You could translate spaces to newlines and then grep, e.g.:
cat * | tr ' ' '\n' | grep th
Just awk, no need combination of tools.
# awk '{for(i=1;i<=NF;i++){if($i~/^th/){print $i}}}' file
the
the
the
this
thoroughly
grep command for only matching and perl
grep -o -P 'th.*? ' filename
I was unsatisfied with awk's hard to remember syntax but I liked the idea of using one utility to do this.
It seems like ack (or ack-grep if you use Ubuntu) can do this easily:
# ack-grep -ho "\bth.*?\b" *
the
the
the
this
thoroughly
If you omit the -h flag you get:
# ack-grep -o "\bth.*?\b" *
some-other-text-file
1:the
some-text-file
1:the
the
yet-another-text-file
1:this
thoroughly
As a bonus, you can use the --output flag to do this for more complex searches with just about the easiest syntax I've found:
# echo "bug: 1, id: 5, time: 12/27/2010" > test-file
# ack-grep -ho "bug: (\d*), id: (\d*), time: (.*)" --output '$1, $2, $3' test-file
1, 5, 12/27/2010
cat *-text-file | grep -Eio "th[a-z]+"
You can also try pcregrep. There is also a -w option in grep, but in some cases it doesn't work as expected.
From Wikipedia:
cat fruitlist.txt
apple
apples
pineapple
apple-
apple-fruit
fruit-apple
grep -w apple fruitlist.txt
apple
apple-
apple-fruit
fruit-apple
I had a similar problem, looking for grep/pattern regex and the "matched pattern found" as output.

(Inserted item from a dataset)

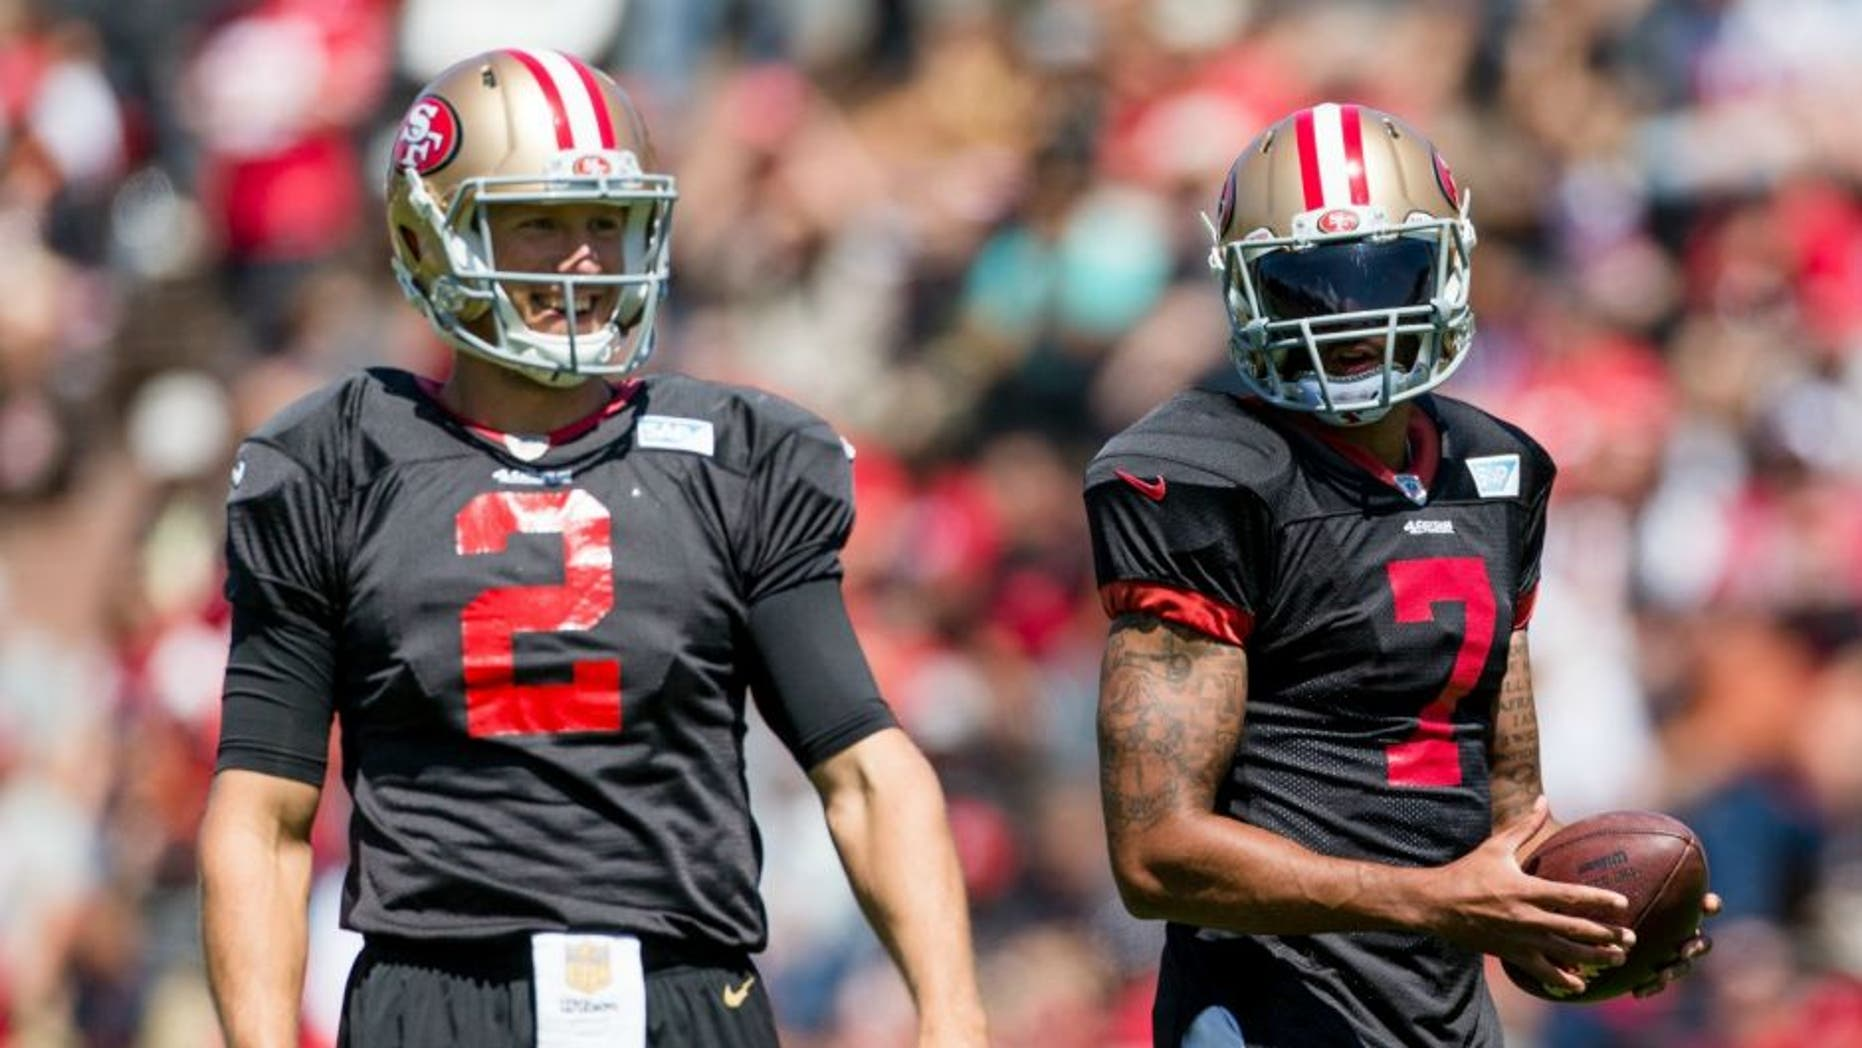 Aug 10, 2016; San Francisco, CA, USA; San Francisco 49ers quarterback Blaine Gabbert (2) and quarterback Colin Kaepernick (7) train at Kezar Stadium. Mandatory Credit: John Hefti-USA TODAY Sports

At the end I used egrep (same regex on grep -e or -G didn't give me the same result of egrep) with the option -o
so, I think that could be something similar to (I'm NOT a regex Master) :
egrep -o "the*|this{1}|thoroughly{1}" filename
To search all the words with start with "icon-" the following command works perfect. I am using Ack here which is similar to grep but with better options and nice formatting.
ack -oh --type=html "\w*icon-\w*" | sort | uniq
You could pipe your grep output into Perl like this:
grep "th" * | perl -n -e'while(/(\w*th\w*)/g) {print "$1\n"}'
grep --color -o -E "Begin.{0,}?End" file.txt
? - Match as few as possible until the End
Tested on macos terminal
$ grep -w
Excerpt from grep man page:
-w: Select only those lines containing matches that form whole words. The test is that the matching substring must either be at the beginning of the line, or preceded by a non-word constituent character.
ripgrep
Here are the example using ripgrep:
rg -o "(\w+)?th(\w+)?"
It'll match all words matching th.